- Developer: Night Light Interactive
- Publisher: Night Light Interactive
- Composer: Steve Goldshein
- Engine: Unity
- Platforms: Ouya Linux; OS X; Windows; PlayStation 4; PlayStation Vita; Xbox One; Wii U; Android; iOS; Nintendo Switch;
- Release: May 27, 2014 Ouya; May 27, 2014; Linux, OS X, Windows; July 9, 2014; PlayStation 4, Vita; June 30, 2015; Android, iOS, Xbox One; August 28, 2015; Wii U; October 8, 2015; Nintendo Switch; September 27, 2018;
- Genre: Adventure
- Mode: Single-player

= Whispering Willows =

2014 video game

Whispering Willows is an indie adventure horror video game developed by independent developer Night Light Interactive for Ouya in May 2014.

==Gameplay==
The player takes control of Elena Elkhorn who wants to rescue her father. With her pendant, she can access her shamanic powers: the ability to leave her physical body and explore the world in spirit form. Using this ability, she can fly through gaps in walls and reach new places. The player can also possess certain objects, such as levers, to manipulate the environment. Throughout the game, the player finds notes from ghosts, which reveal new things. To advance in the game, the player has to find items and use them on certain objects.

==Plot==
Young Elena Elkhorn embarks on a harrowing journey to find her missing father and discover the secrets of the Willows Mansion. Aiding her journey is a unique amulet she received from her father, which allows her to astrally project her spirit into a ghostly realm and communicate with the dead.

===Characters===
- Elena Elkhorn: The protagonist who wants to rescue her father.
- John Elkhorn: Elena's missing father and descendant of the Kwantako tribe.
- Wortham Willows: The antagonist. He was the mayor of the city and searched for a way to revive his dead wife.
- Flying Hawk: A shaman who wanted to have a peaceful meeting with the white men.
- Darby O'Halloran: An old friend of Wortham's. He is haunted by the memories of Sky Flower, a little girl he once killed.
- Fleur le Rue: Wortham's secret new love affair.
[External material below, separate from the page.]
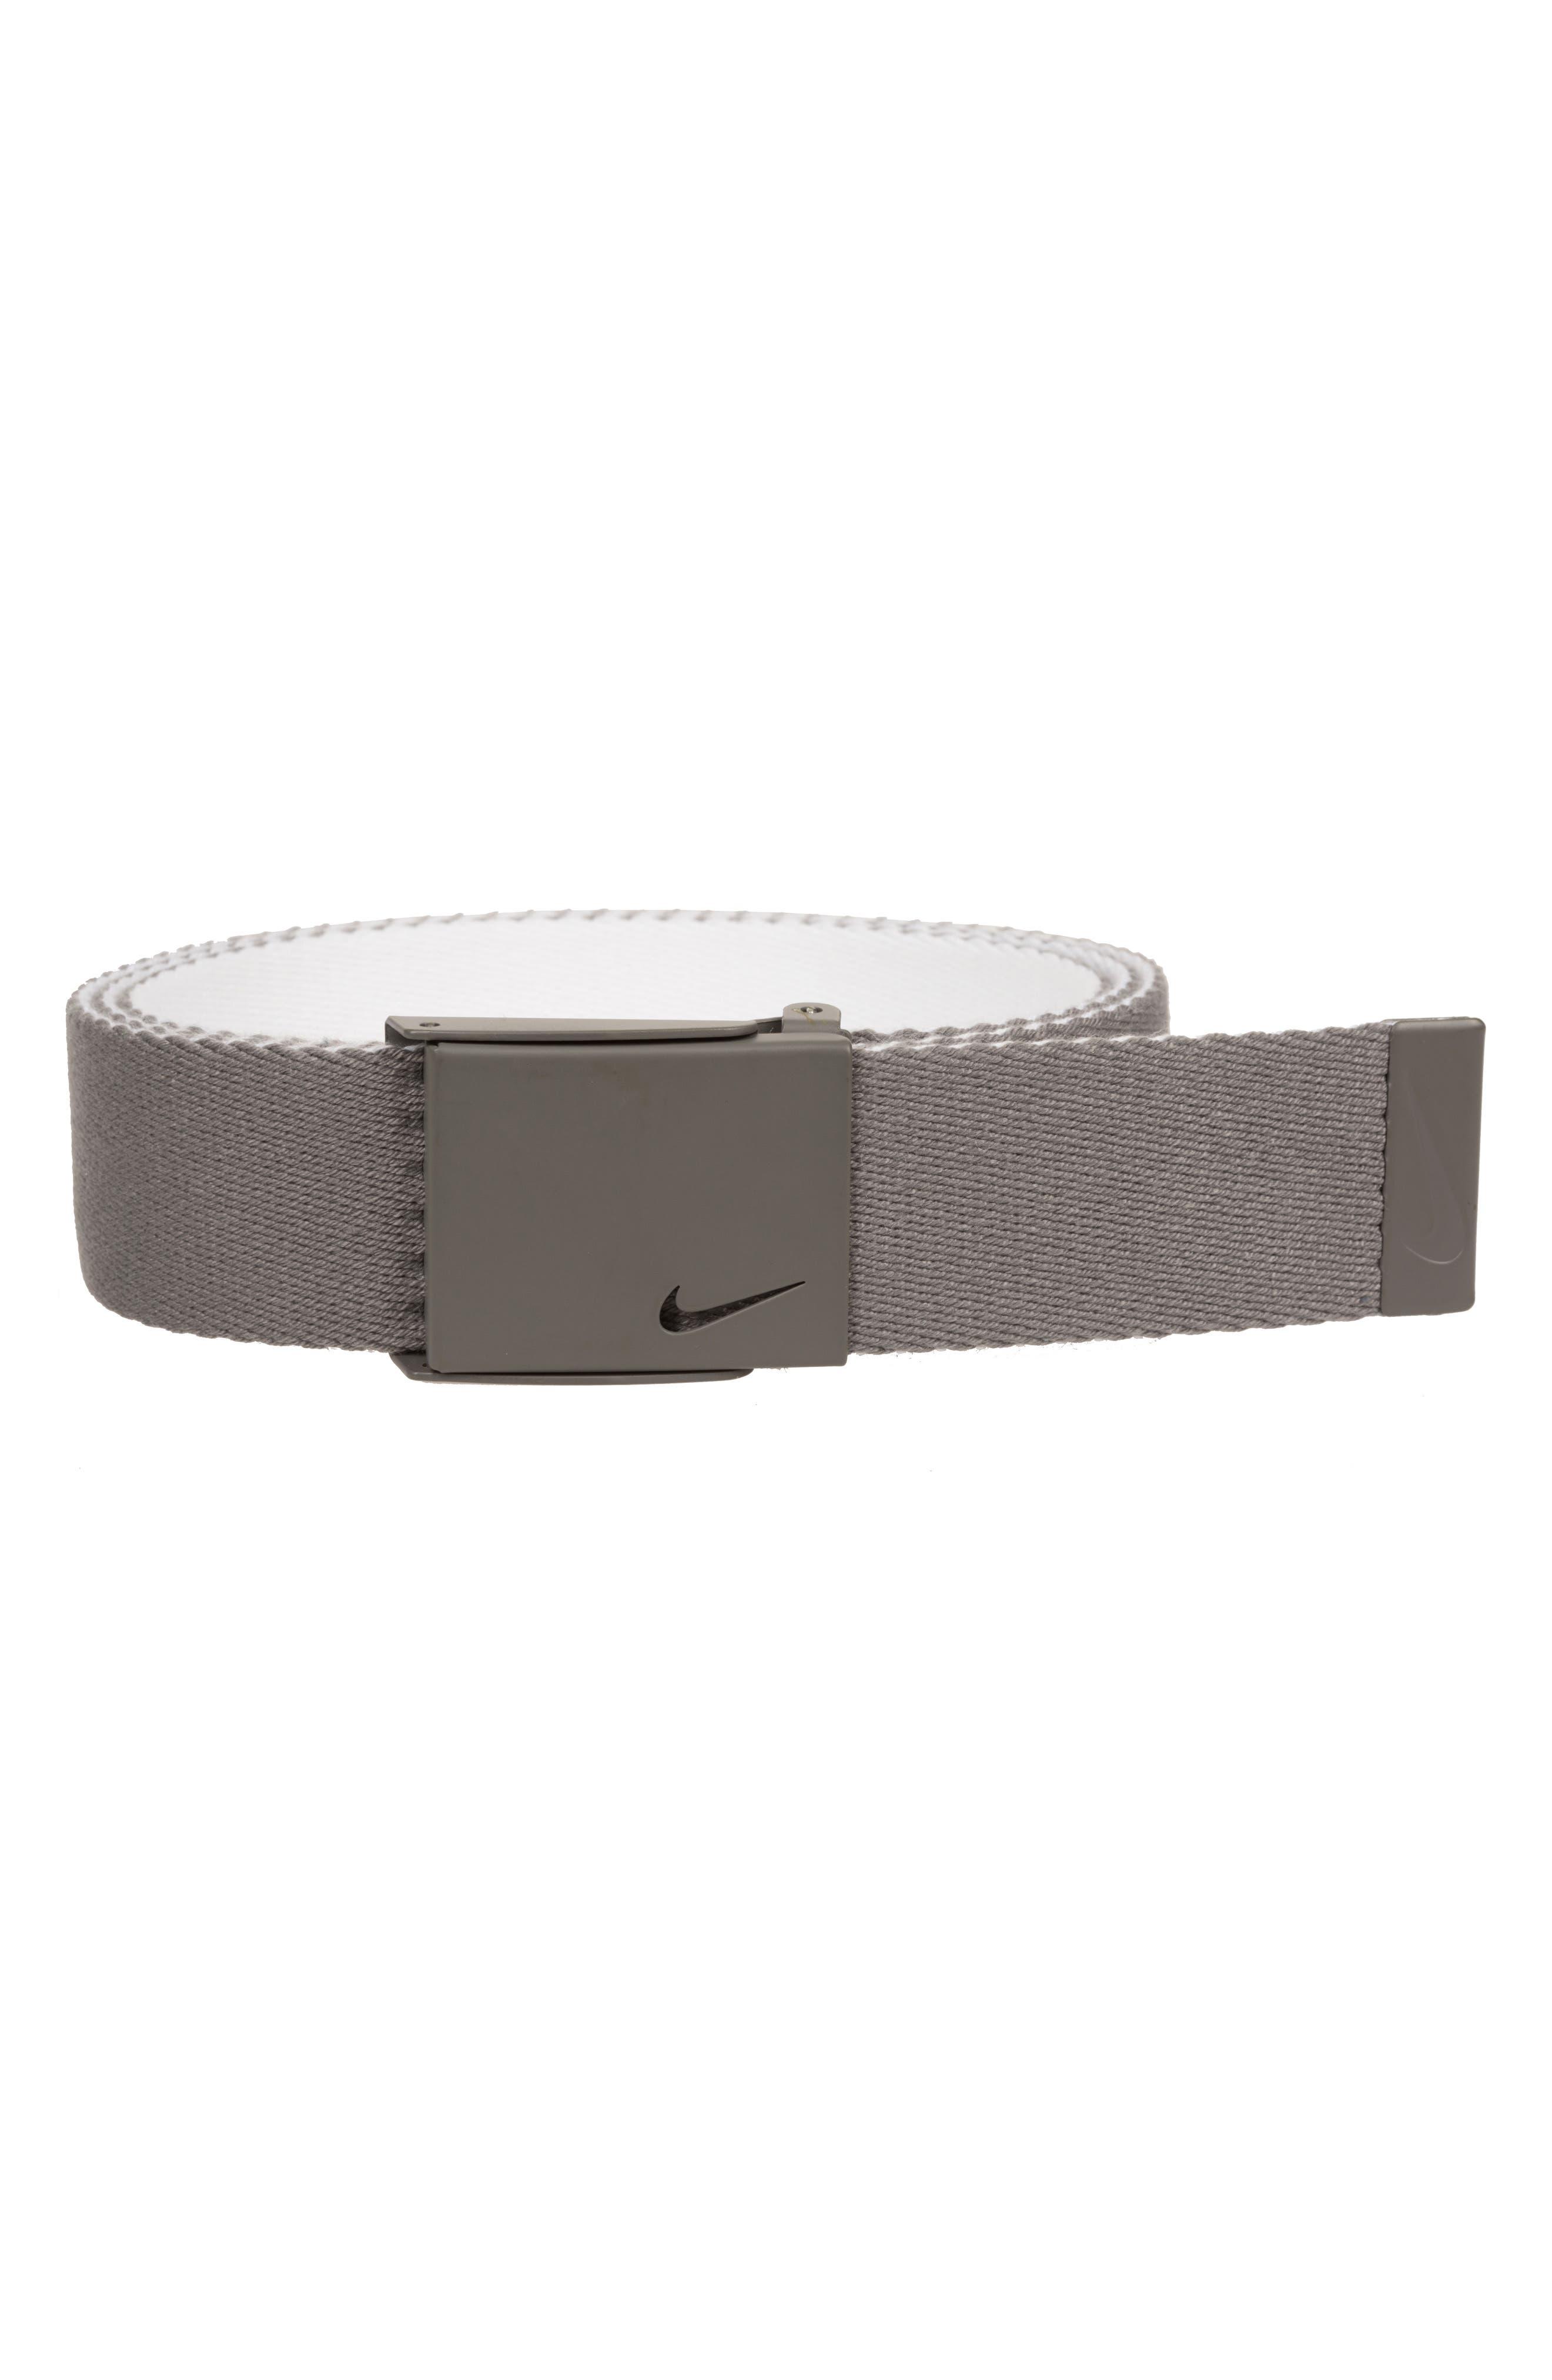 Essentials Reversible Webbed Belt,                             Main thumbnail 1, color,                             LIGHT CHARCOAL/ WHITE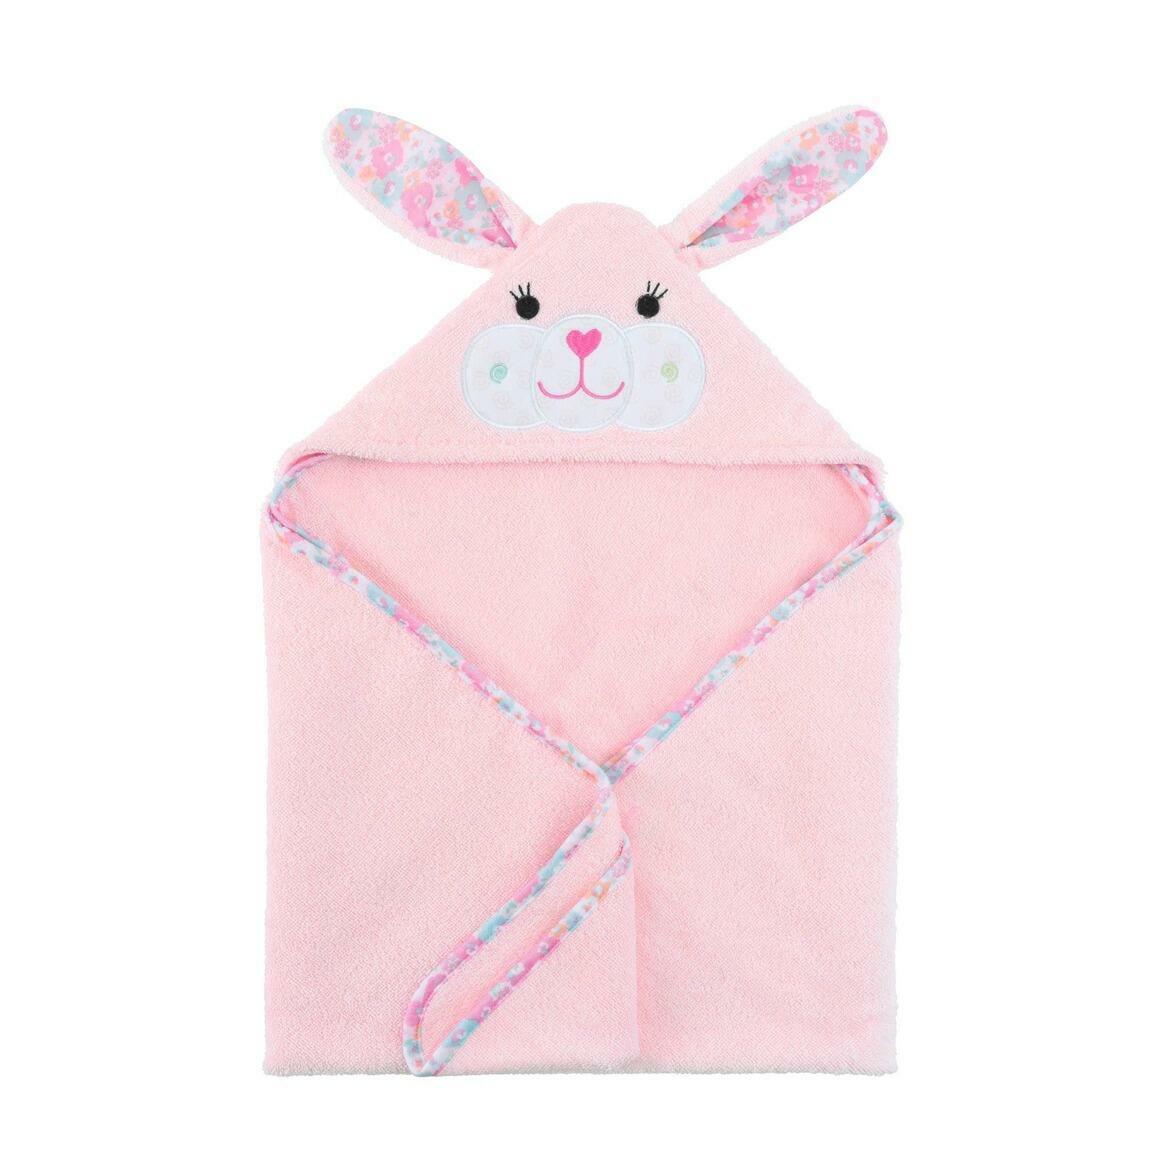 Beatrice the Bunny Baby Towel | Trada Marketplace

==Development and release==
Whispering Willows was funded via Kickstarter. With 750 backers and $20,747 the game exceeded its initial goal of $15,000. Michael Johnson created a live-action trailer for the game's release. Skyler Davenport recorded voice acting for the role of Elena. The game was translated into Spanish, German, French, Italian, Russian, Polish, Chinese, Ukrainian and Brazilian Portuguese. The soundtrack by Steve Goldshein was released on January 9, 2018 by video game music label Materia Collective.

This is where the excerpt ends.